Isabelle Huppert © Wild Bunch Distribution
On sait mes faibles dispositions à endurer les gesticulations de Mme Huppert. Sa rencontre en Sainte Trinité avec Claire Denis, Marie Ndiaye laissait présager le pire. La presse était respectueuse, sans enthousiasme, micro tendu sans évanouissement, ni pâmoison. On allait voir. Disons le d’emblée : ce « White material » – étrangement déjà le nom du projet que Claire Denis préparait avec Bernard-Marie Koltès avant sa mort – est à tout le moins sensationnel. Claire Denis signe son film le plus intéressant depuis plusieurs années. Sans manière, sans explication, sans afféterie stylistique, sans pose. Le coeur de l’Afrique bat, coule dans les veines de ce film et les acteurs, toujours délicatement mis en « condition », en sont la pulsation visible. Huppert, d’abord, Huppert d’accord mais aussi le furieux Nicolas Duvauchelle en fils de famille flingué, Christophe Lambert en pleine résurrection, Michel Subor comme échappé d’un « Apocalypse Now » africain.

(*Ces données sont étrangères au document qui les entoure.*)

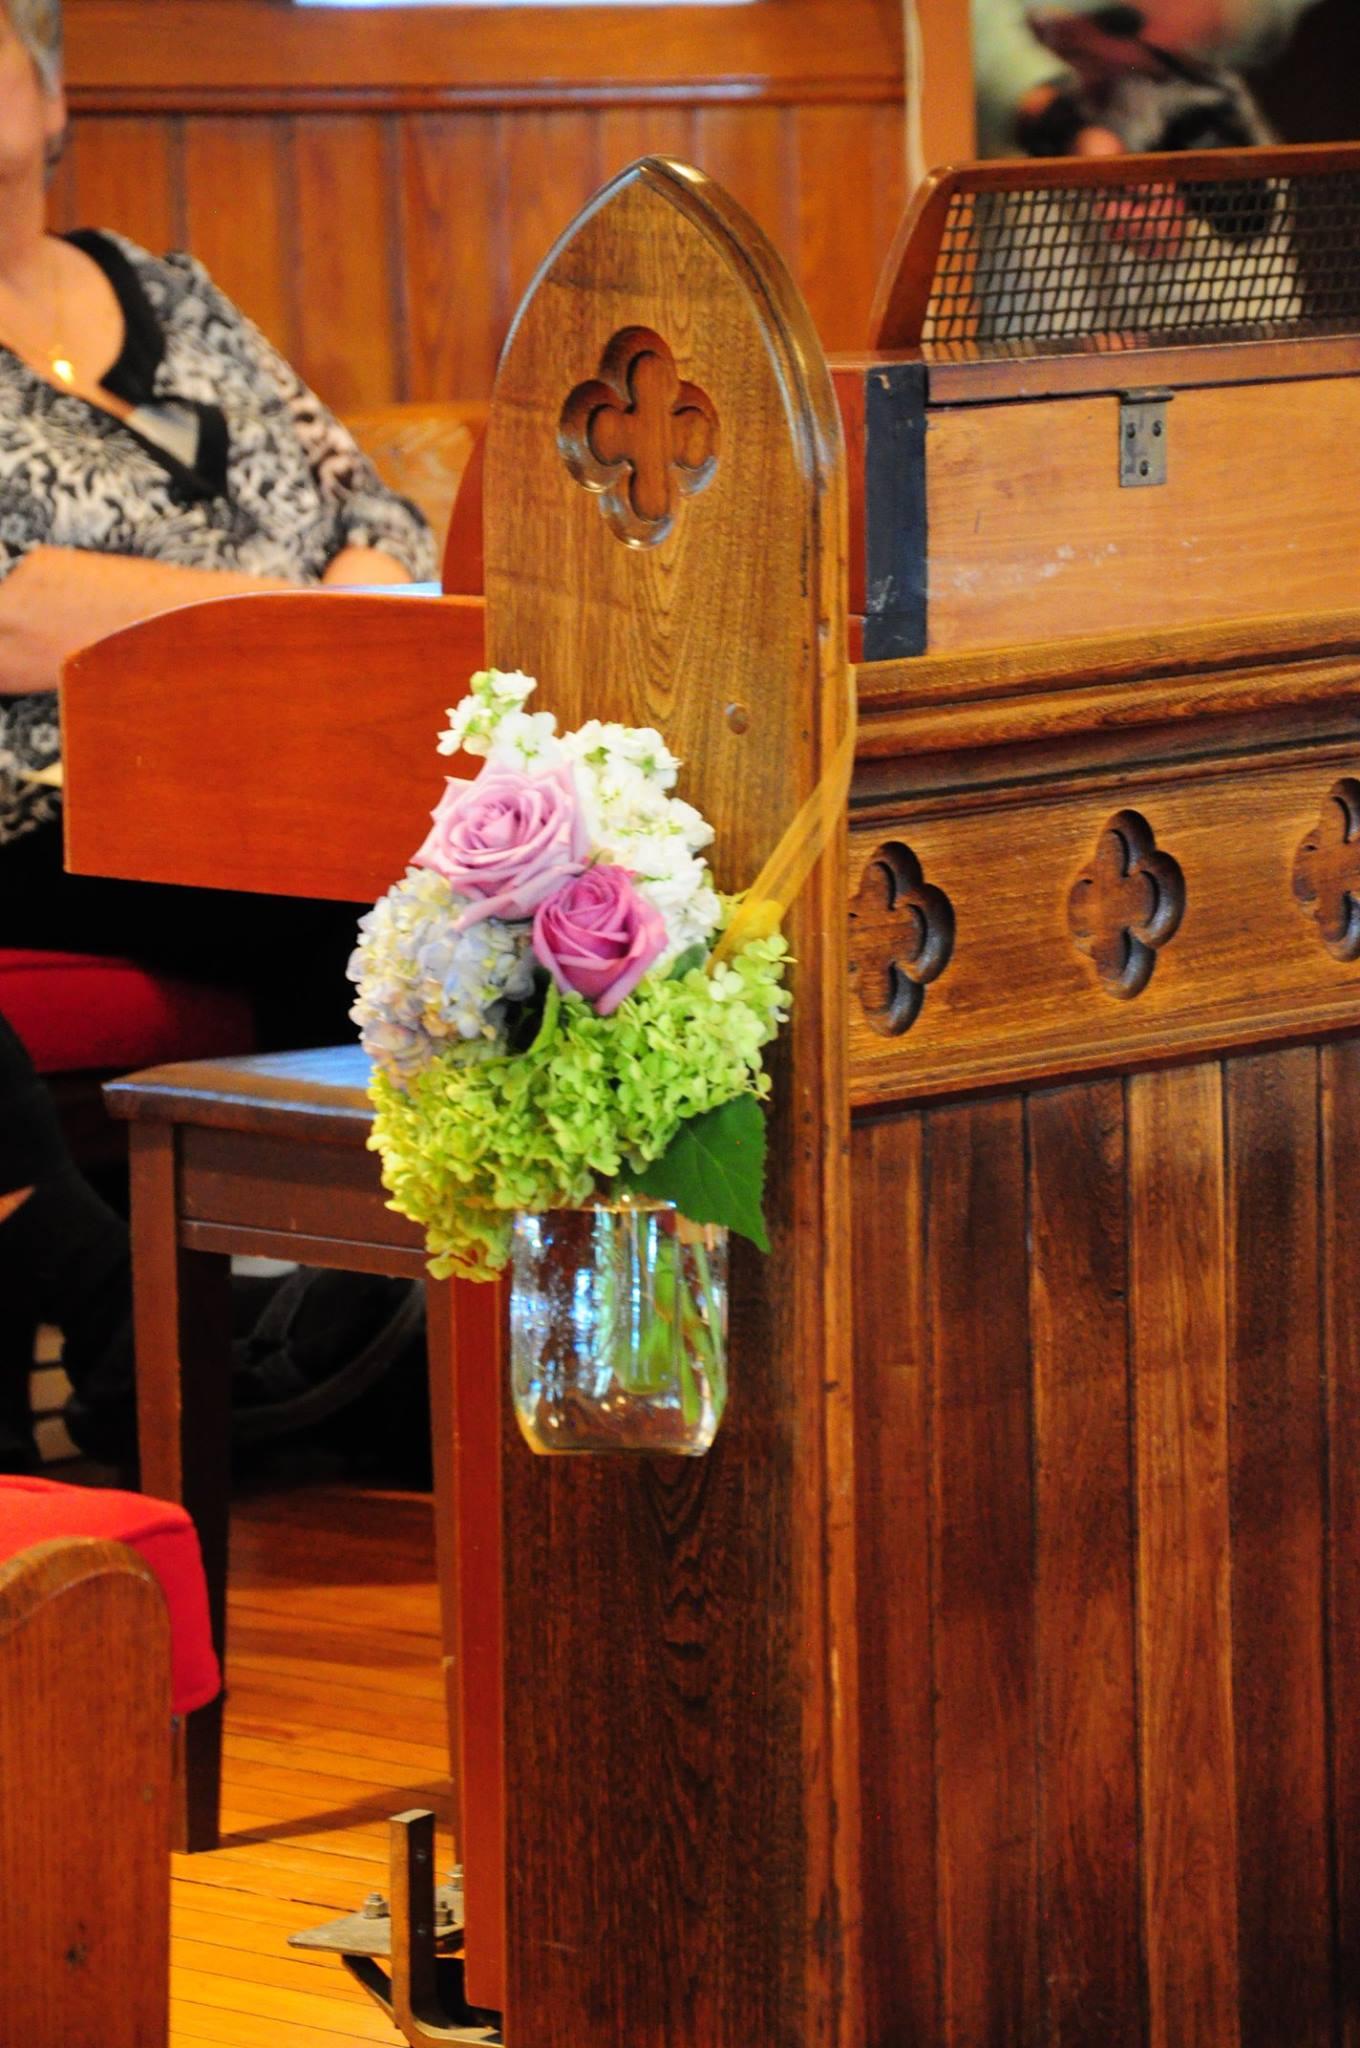 Wedding Bouquet on Pew

Quelque part en Afrique, dans une région en proie à la guerre civile, Maria refuse d’abandonner sa plantation de café avant la fin de la récolte. Terre rouge d’Afrique, comme sentier de guerre et de résistance, hommes et femmes en rebélllion, armés jusqu’aux dents, tête de mouton égorgé qu’on jette dans les sacs de café en signe de défiance, métamorphose canine. Naissance d’un Afrique fantôme. Le domaine est bientôt la proie des flammes. Il faut fuire. Dans cette fuite, les réminiscences d’une vie de labeur, un goût du travail sur cette terre fragile forment un superbe chant funèbre, un adieu à l’Afrique d’une femme, à jamais bouleversée par ce continent.
White material, un film de Claire Denis, avec Isabelle Huppert, Nicolas Duvauchelle, Christophe Lambert, Isaach de Bankolé. En salles (1h42).